Question

If \[\mathop A\limits^ \to \times \mathop B\limits^ \to = \mathop C\limits^ \to + \mathop D\limits^ \to \] , then select the correct alternative
 $ \left( a \right){\text{ }}\mathop A\limits^ \to {\text{ is parallel to }}\mathop C\limits^ \to + \mathop D\limits^ \to $
 $ \left( b \right){\text{ }}\mathop A\limits^ \to {\text{ is perpendicular to }}\mathop C\limits^ \to $
 $ \left( c \right){\text{ Component of }}\mathop C\limits^ \to {\text{ along }}\mathop A\limits^ \to {\text{ - component of }}\mathop A\limits^ \to {\text{ along }}\mathop D\limits^ \to $
 $ \left( d \right){\text{ Component of }}\mathop C\limits^ \to {\text{ along }}\mathop A\limits^ \to {\text{ = - component of }}\mathop D\limits^ \to {\text{ along }}\mathop A\limits^ \to $

Answer 1

Hint: As we know that the cross product of two vectors will always point in a direction that will be perpendicular to the plane. And from this, we can say that the vector will be at the right angle to both the vectors. By using this we can answer this question.

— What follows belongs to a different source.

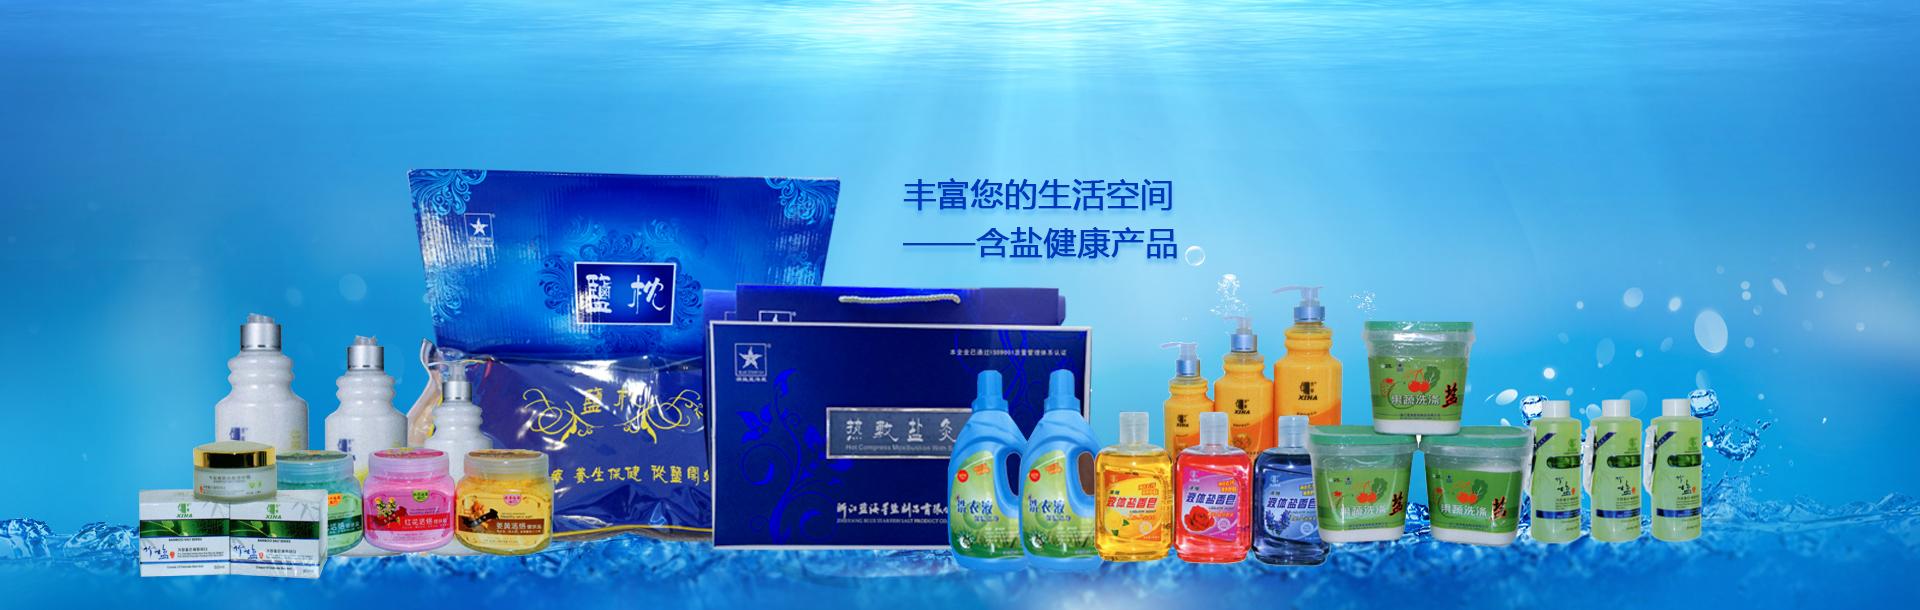 貴州鹽業(集團)有限責任公司
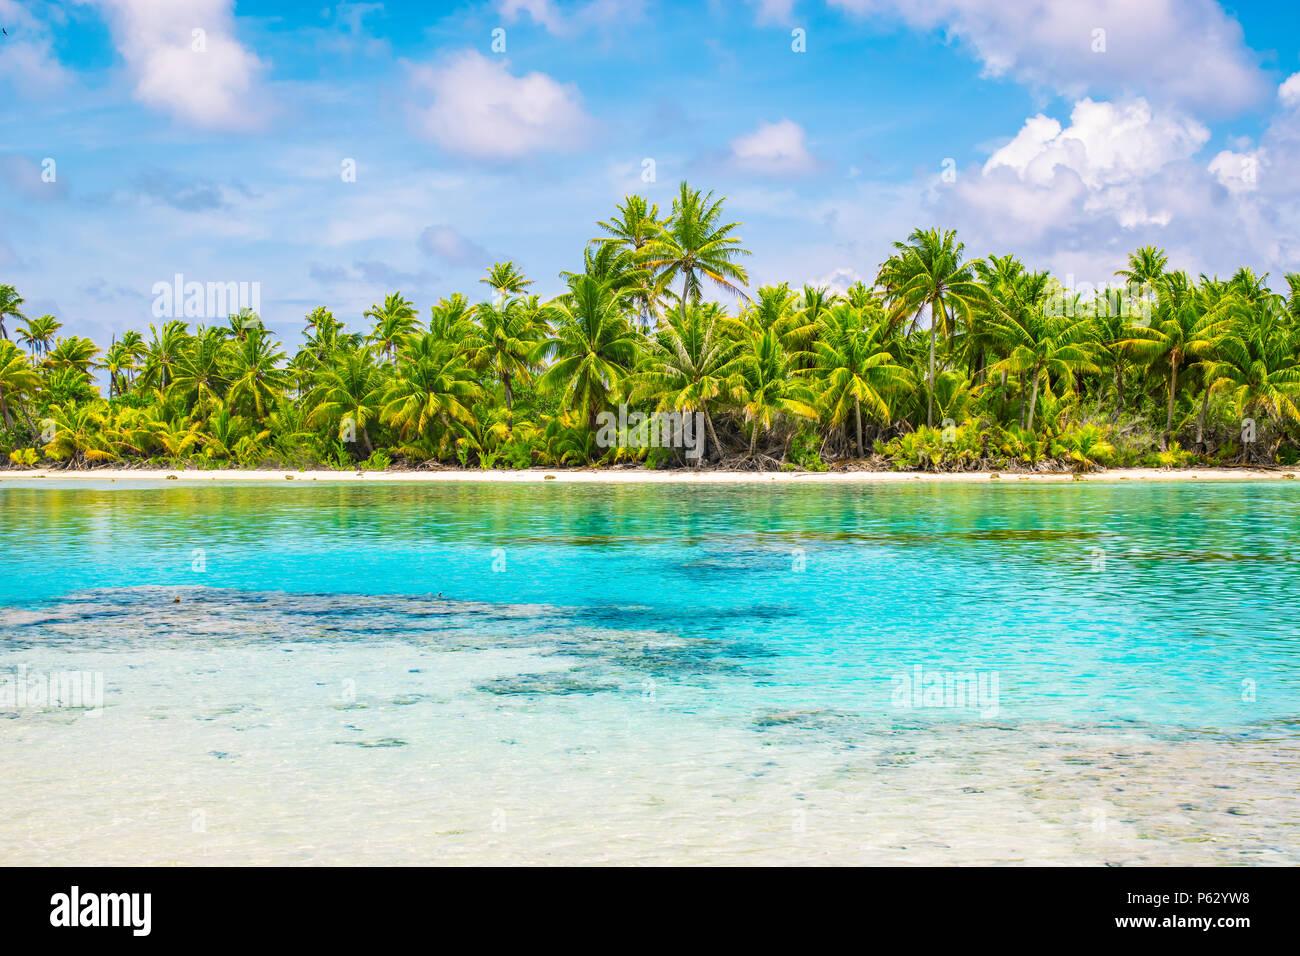 Palmeras tropicales y laguna de Fakarava, Polinesia Francesa. Concepto de vacaciones de verano. Foto de stock

Complete step-by-step answer:
Here we have the vector equation given as \[\mathop A\limits^ \to \times \mathop B\limits^ \to = \mathop C\limits^ \to + \mathop D\limits^ \to \] and we have to choose the correct alternatives.
As we know that the according to the definition of cross product the vector \[\mathop C\limits^ \to + \mathop D\limits^ \to \] will be perpendicular to both the vector which is \[\mathop A\limits^ \to \] and \[\mathop B\limits^ \to \] .
So mathematically it can be written as
 $ \Rightarrow \mathop A\limits^ \to \cdot \left( {\mathop C\limits^ \to + \mathop D\limits^ \to } \right) = 0 $
Here, we can see that there is the dot product and on solving the dot product for the above equation, we will get the equation as
 $ \Rightarrow \mathop A\limits^ \to \cdot \mathop C\limits^ \to + \mathop A\limits^ \to \cdot \mathop D\limits^ \to = 0 $
Here, we can say that
 $ \Rightarrow {\text{A}}\left( {{\text{Component of }}\mathop C\limits^ \to {\text{ along }}\mathop A\limits^ \to } \right){\text{ + A}}\left( {{\text{component of }}\mathop D\limits^ \to {\text{ along }}\mathop A\limits^ \to } \right) = 0 $
Or on solving taking the one braces to the right side, we get the above line as
 $ \Rightarrow {\text{A}}\left( {{\text{Component of }}\mathop C\limits^ \to {\text{ along }}\mathop A\limits^ \to } \right){\text{ = - A}}\left( {{\text{component of }}\mathop D\limits^ \to {\text{ along }}\mathop A\limits^ \to } \right) = 0 $
Hence, the option $ \left( d \right) $ is correct.
So, the correct answer is “Option D”.

Note: In a cross product, the magnitude of the cross product will be equal to the area of a parallelogram and which would lie on the same plane as a vector. In the cross product, the direction can be obtained by using the right-hand thumb rule. So if our index finger is the first vector and the middle finger would be the second vector then the thumb finger will be the cross product of those vectors.
For solving this question we just need to know the basics of the cross and dot products. So let’s see the application of it. For the practical application of the cross product, it will be the torque. We can see in our daily life as all the screws and bottle caps are designed in a way that when they move upwards, at that time it gets rotated anticlockwise and vice-versa.